Гафнер некоторое время молчал, а потом заговорил снова:
— Увлекательная история закончена. Когда Пецольда перевели в Новоместскую тюрьму, я пришел к нему сообщить, что нашел для него хорошего адвоката, который надеялся выручить Пецольда, доказав, что он действовал в припадке помешательства.
— Ну, это не так-то просто, — возразил доктор прав Гелебрант. — Не будь у этого человека судимости, такой путь сулил бы известную надежду на успех. Но я поступил бы иначе. Надо было убедительно доказать, что Новотный — человек жестокий, беспощадный. А еще лучше, что, пока семья Пецольда жила в его доме, он обольщал его жену, покушался на ее честь. Это было бы для Пецольда замечательным смягчающим вину обстоятельством. Не насильник ли этот Новотный?
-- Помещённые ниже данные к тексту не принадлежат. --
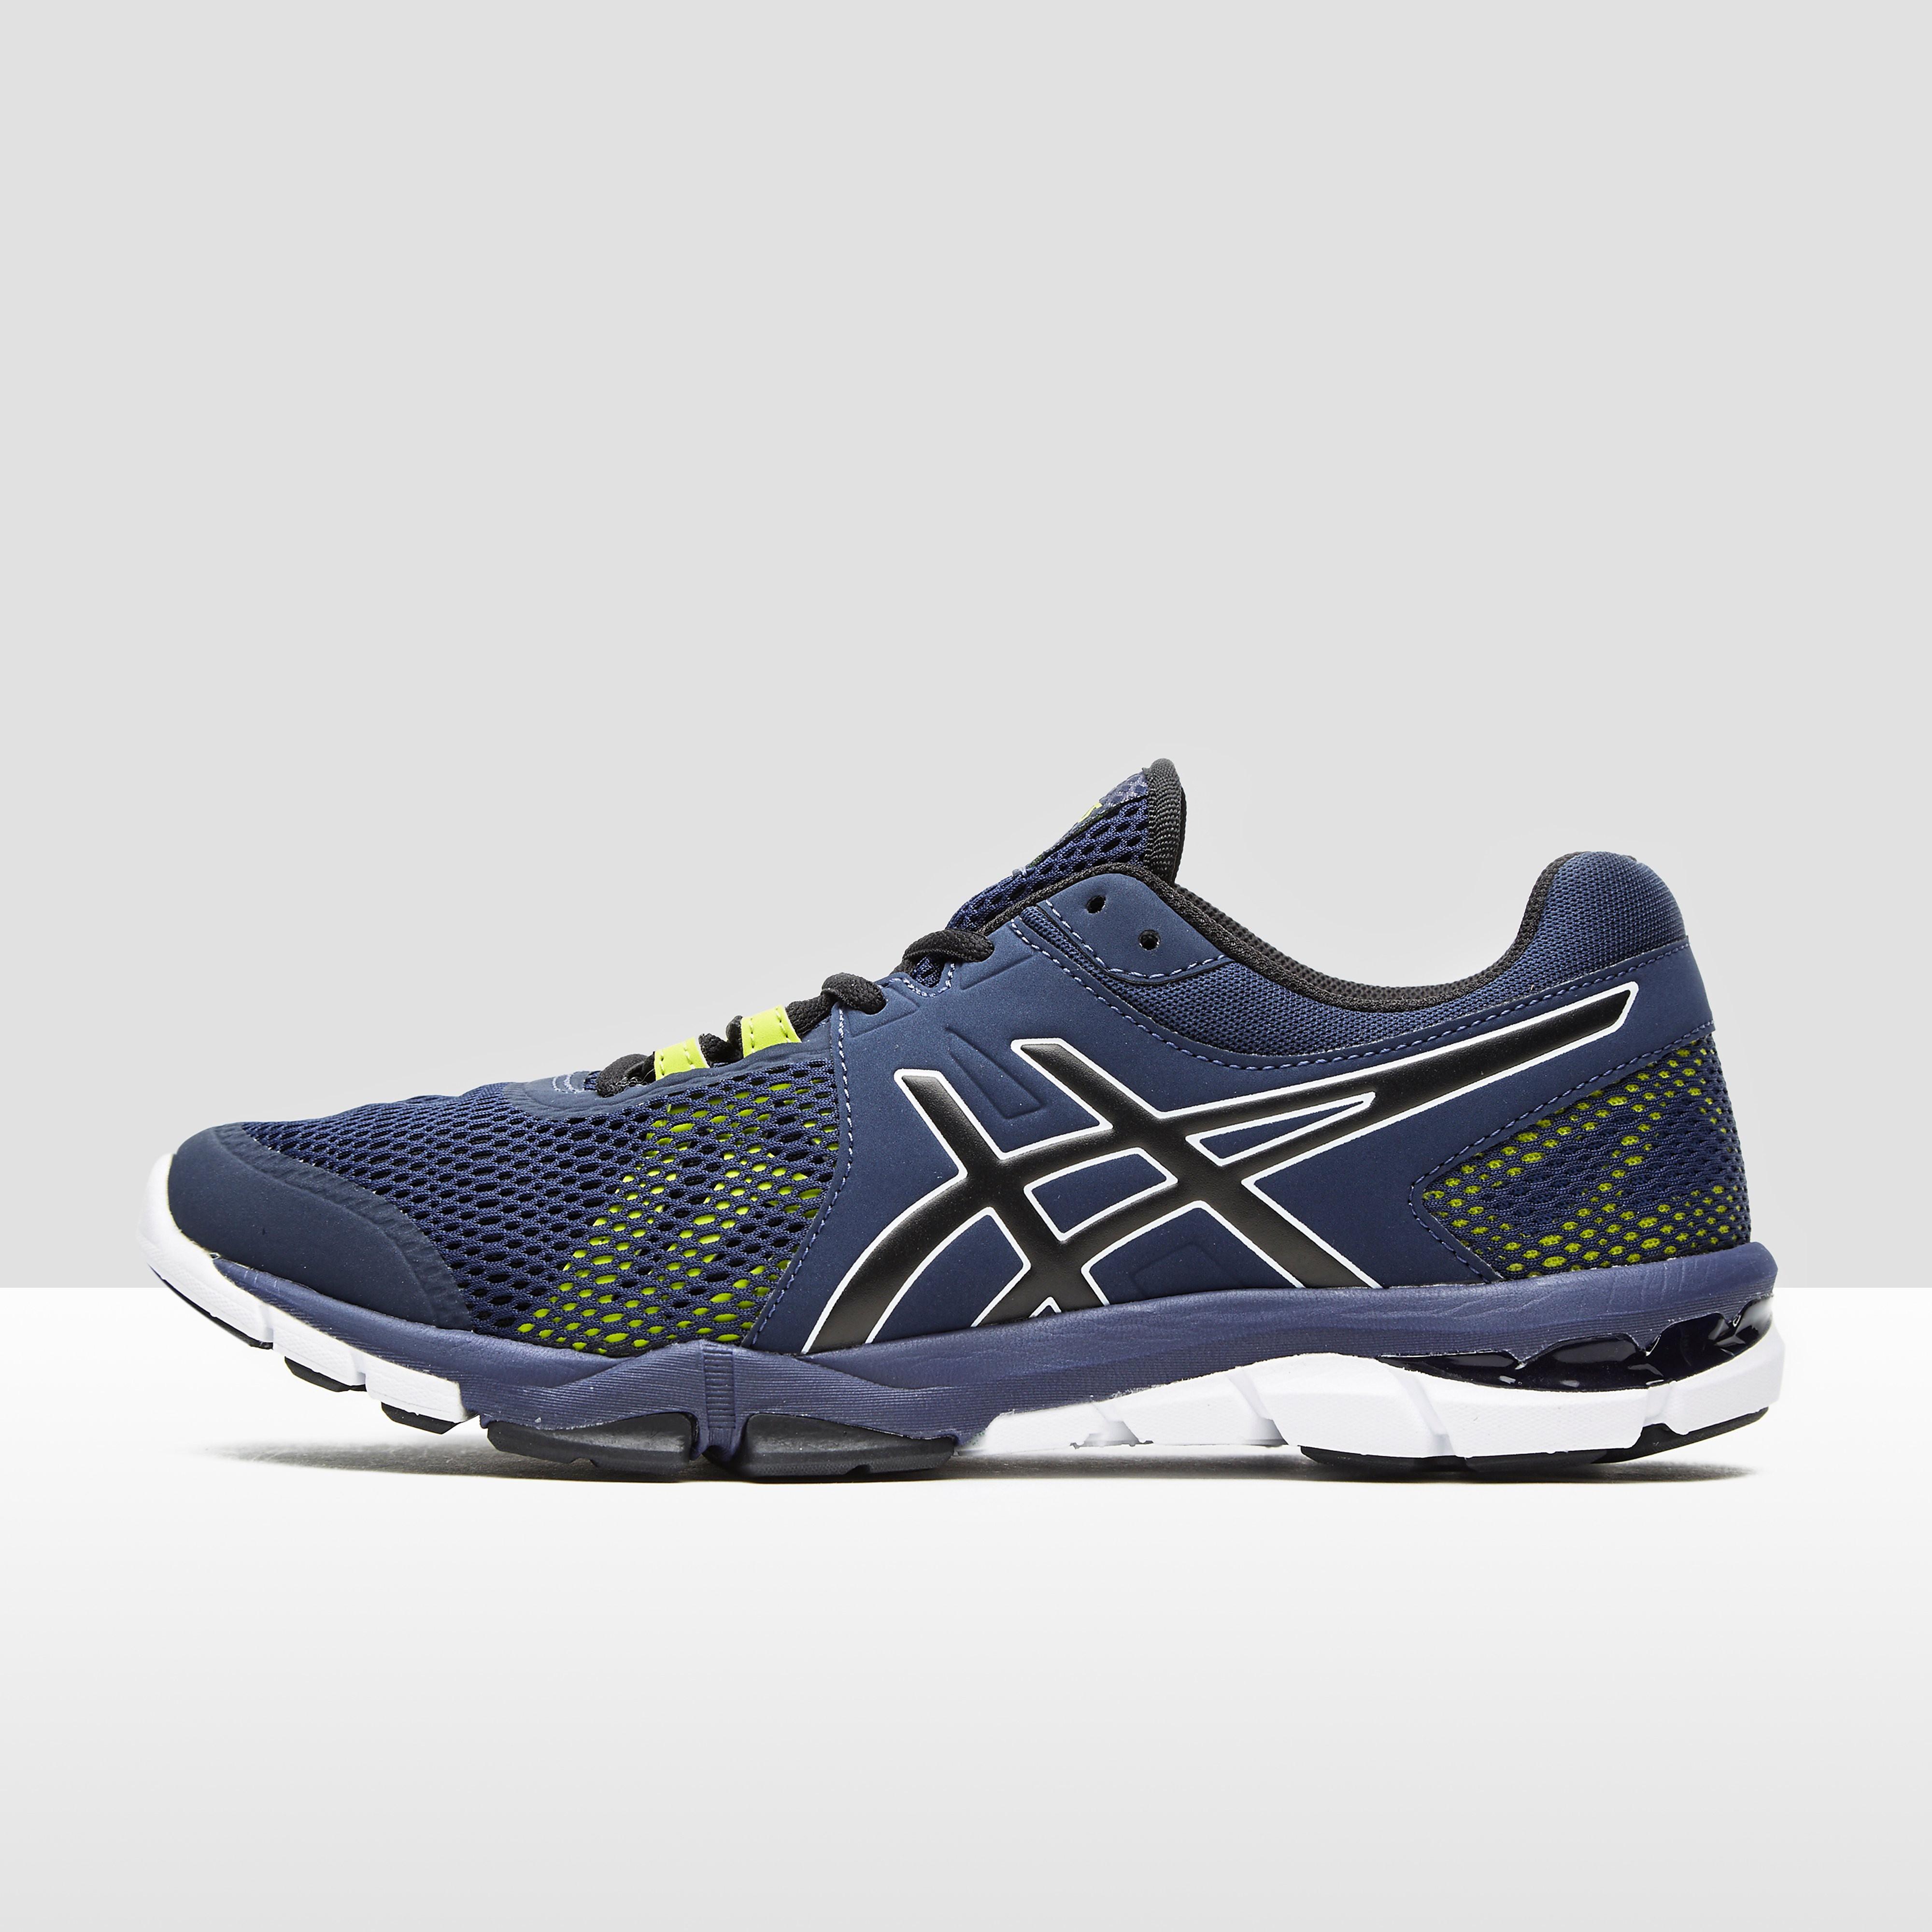 ASICS GEL-Craze TR4 Men's Training Shoes

А может, развратник или пьяница?
— Наверное, пьяница, — решила Мария Шенфельд. — Я представляю себе его каким-то… как это сказать? Ein Ungetüm.
— Чудовищем, — подсказала тайная советница Стракова.
— Все это обсуждать не стоит, — ответил Гафнер. — Выяснилось, что Пецольд ни в каком защитнике не нуждается.
— Его освободили? — оживленно спросила Гана.
— Нет, он повесился.
Столь неожиданное завершение истории Пецольда произвело на всех огромное впечатление. Раздались испуганные, сочувственные возгласы. Мария тихонько плакала, а тайная советница Стракова вынула из сумочки кружевной платочек и, слегка притрагиваясь к мокрым глазам, растроганно прошептала:
— Ах, какое несчастье! И откуда только берется столько горя?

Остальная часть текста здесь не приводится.